Developments in Brief : Soviets Aiming to Put Craft on Mars in 1992
The Soviet Union intends to send a robot landing craft to Mars in 1992 as a second step in an ambitious plan to surpass America’s exploration of that planet, a former NASA official said last week.
Bruce Murray, now professor of planetary sciences at Caltech, said the Soviets have recently decided on such a mission as a follow-up to one set to begin in 1988 that will send a landing craft to the Martian moon Phobos.
The mission to land spacecraft on Mars itself will be accompanied by the release of camera-carrying balloons above the planet to survey broad areas of its deserts, he said.
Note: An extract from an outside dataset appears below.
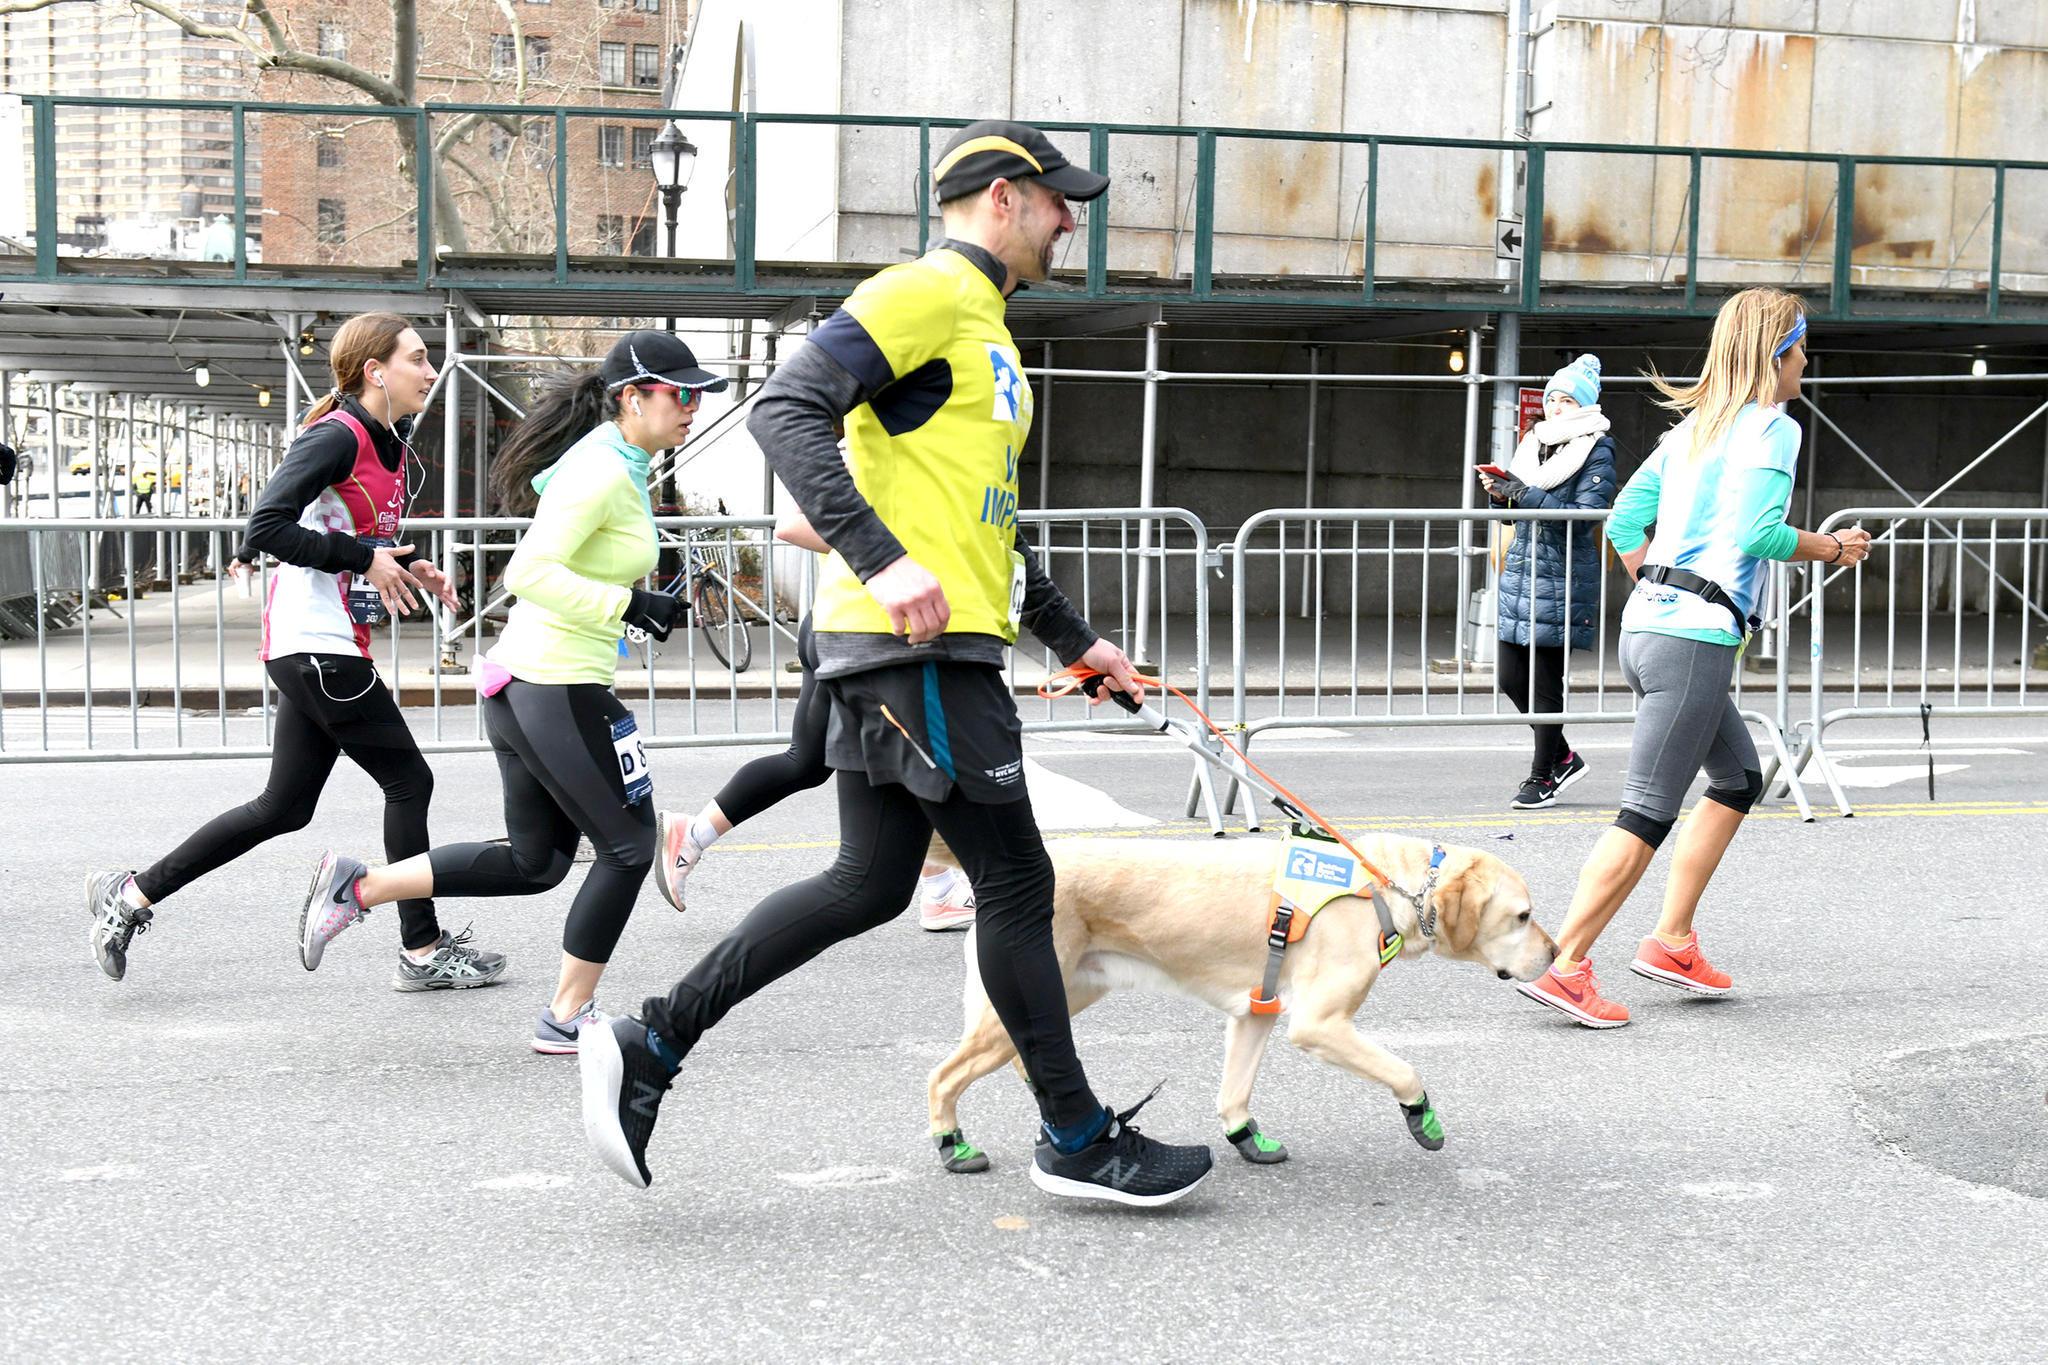 Halbmarathon in New York: Dieser blinde Marathonläufer hat Geschichte geschrieben – mit der Hilfe seiner Hunde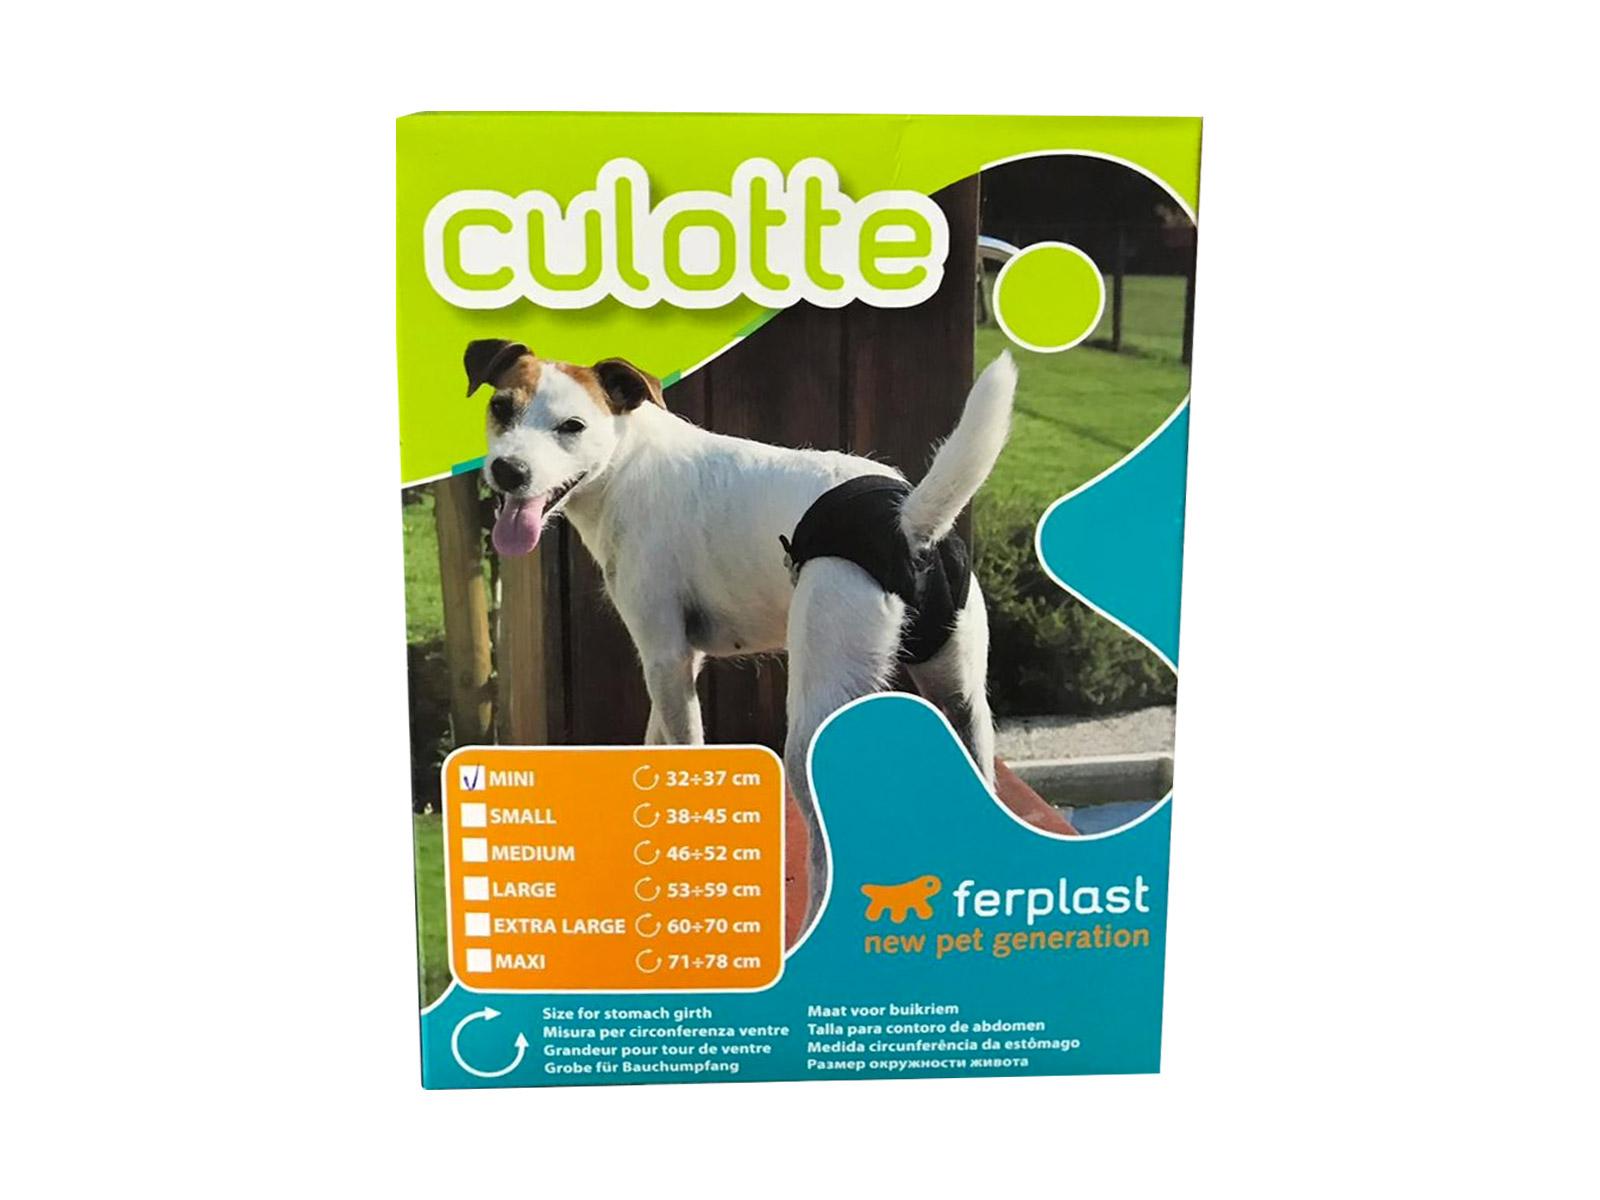 culotte.jpg

The United States landed two Viking robots on Mars in 1976 and those missions were highly successful, sending thousands of spectacular pictures back to Earth while searching for evidence of life and monitoring Mars weather for more than two years. Murray, director of NASA’s Jet Propulsion Laboratory in Pasadena at the time the lab was controlling the Viking missions, said the Soviets plan to land spacecraft on Mars and return soil samples to Earth before the end of the century.
“So we see a very aggressive Soviet Mars program,” he said at a Washington news conference that preceded a congressional briefing.
The United States has not explored Mars since the Viking program but is now planning a modest Mars satellite mission called Mars Observer, to be launched in 1992.
Murray said that if humans ever decide to establish settlements on another planet, Mars would be the place. It is colder than Earth, has a very thin atmosphere of carbon dioxide and is very dry, but it still is the most hospitable of all the planets and is believed to have abundant water in the form of subsurface ice and polar ice caps.